DATA BLOCK >>
····················

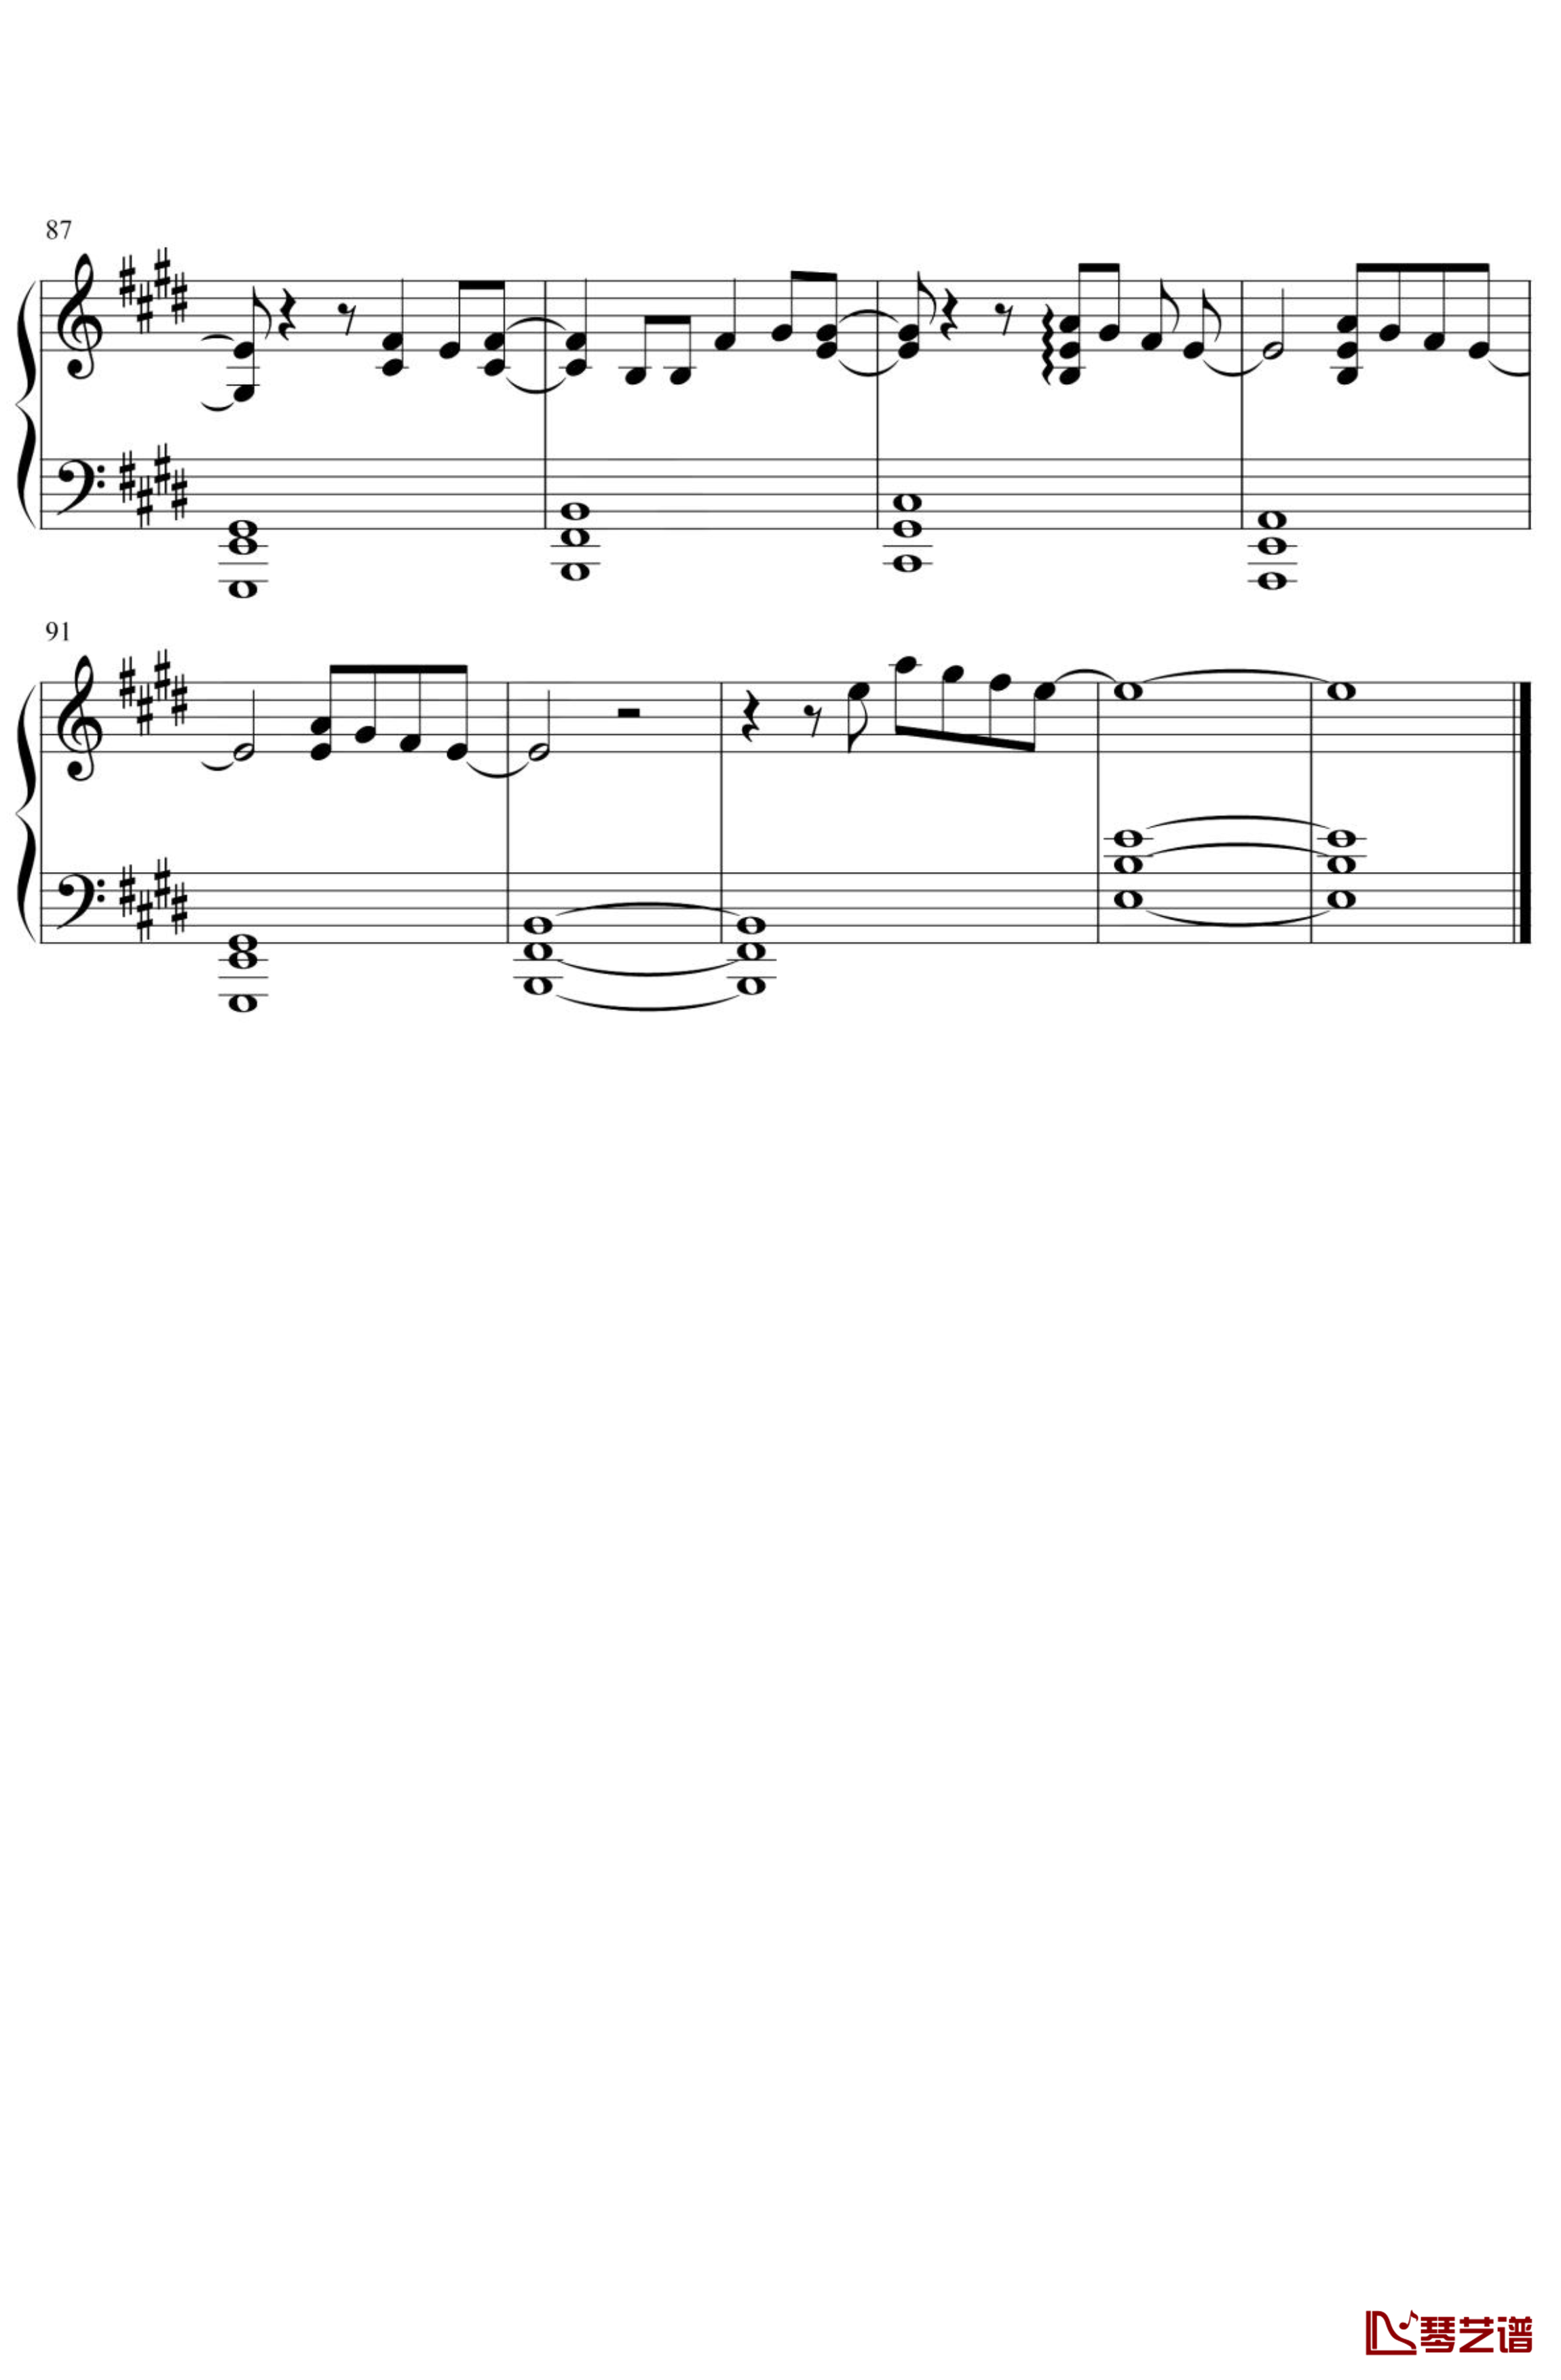 天气之子-グランドエスケープ钢琴谱 简化5
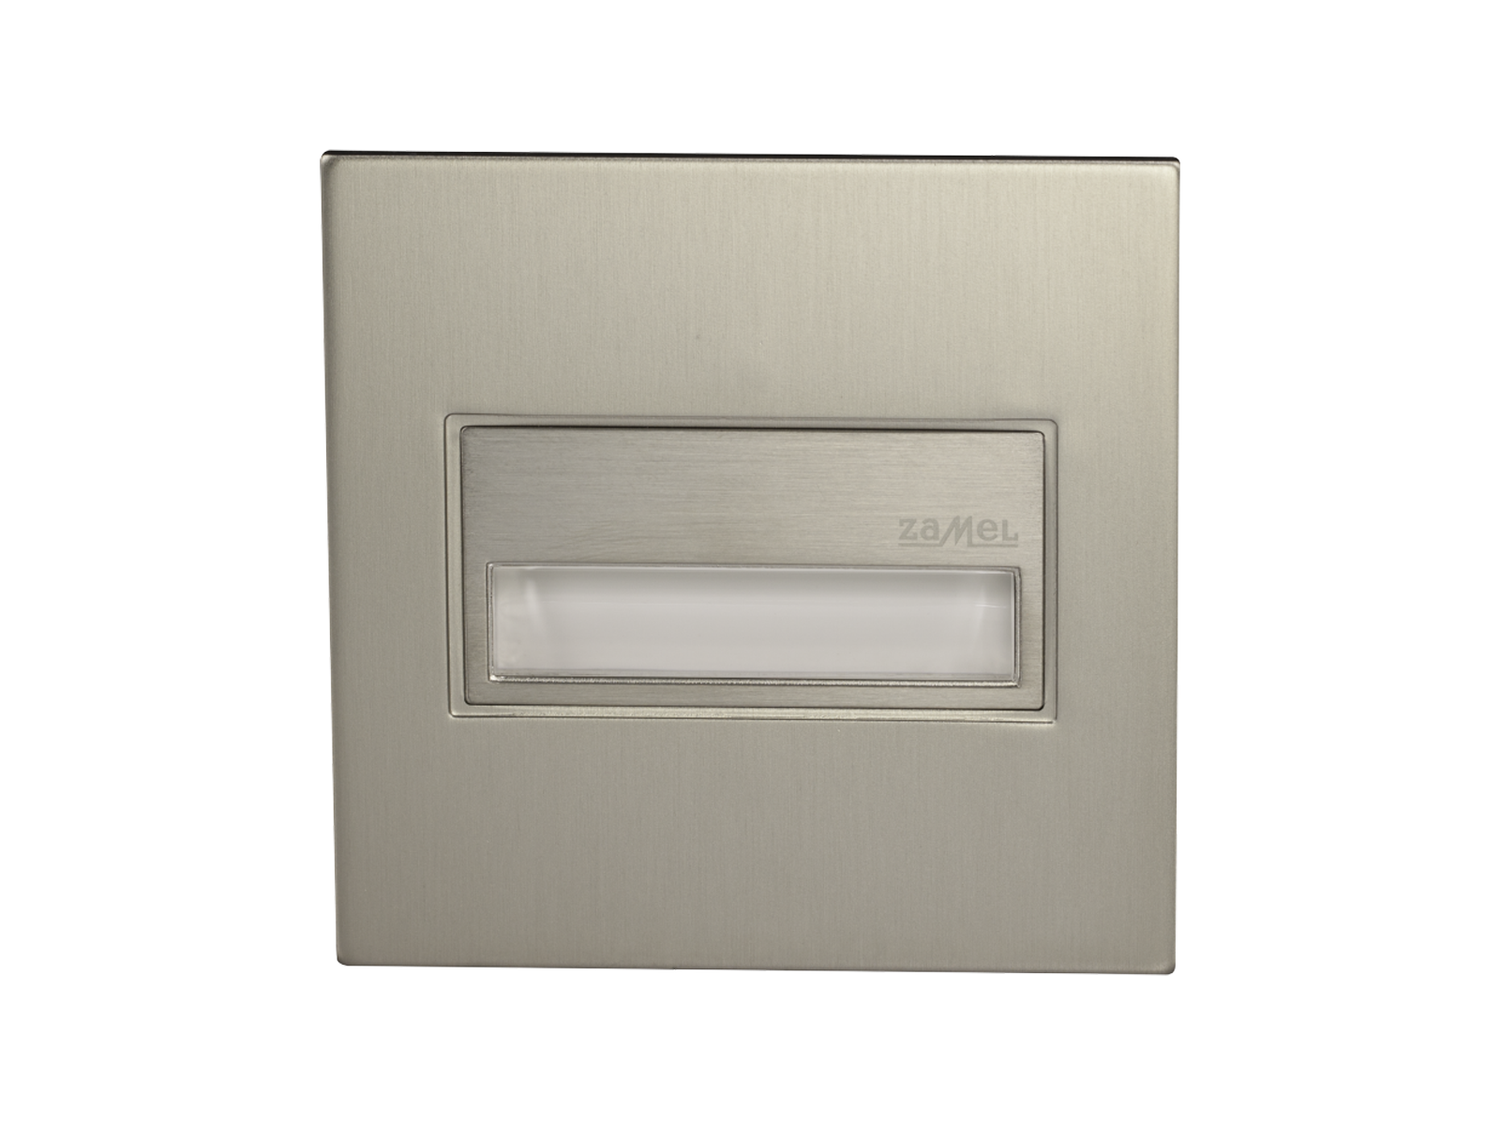 Svítidlo LED do KU krabice pod omítku LEDIX SONA 14V DC, kartáčovaná ocel, studená bílá, IP44
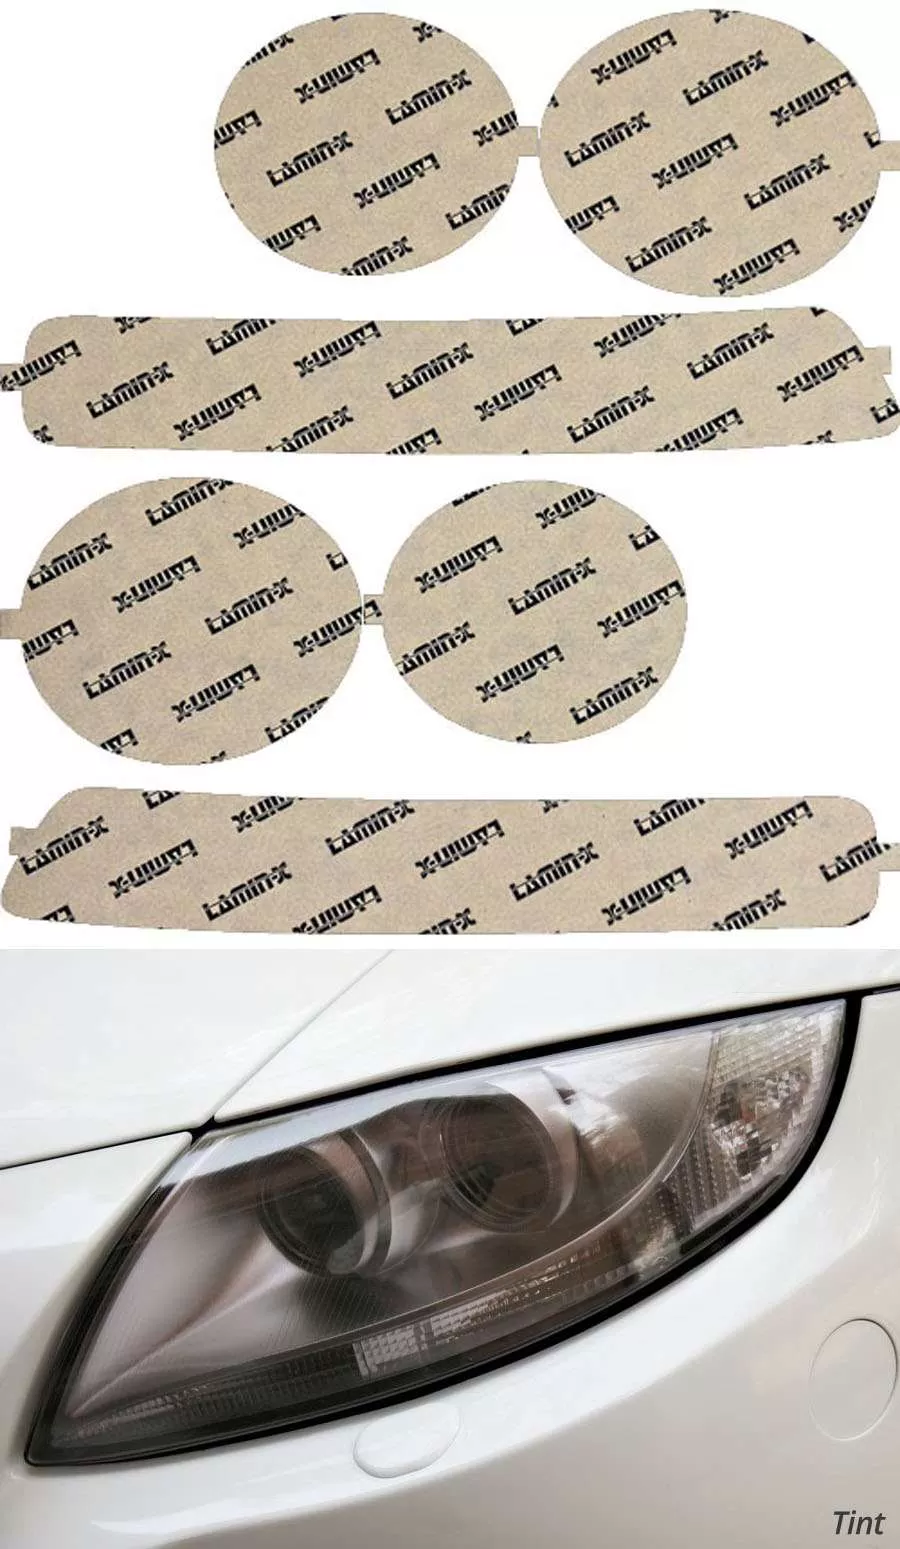 Lamin-X Acura Integra 1998-2002 Tint Headlight Covers - AC009T

····················

WORK TASK >> Repeat the material above in full and exactly, omitting the pictures.

ANSWER BOX >>
 天气之子-グランドエスケープ钢琴谱 简化5
 Svítidlo LED do KU krabice pod omítku LEDIX SONA 14V DC, kartáčovaná ocel, studená bílá, IP44
 Lamin-X Acura Integra 1998-2002 Tint Headlight Covers - AC009T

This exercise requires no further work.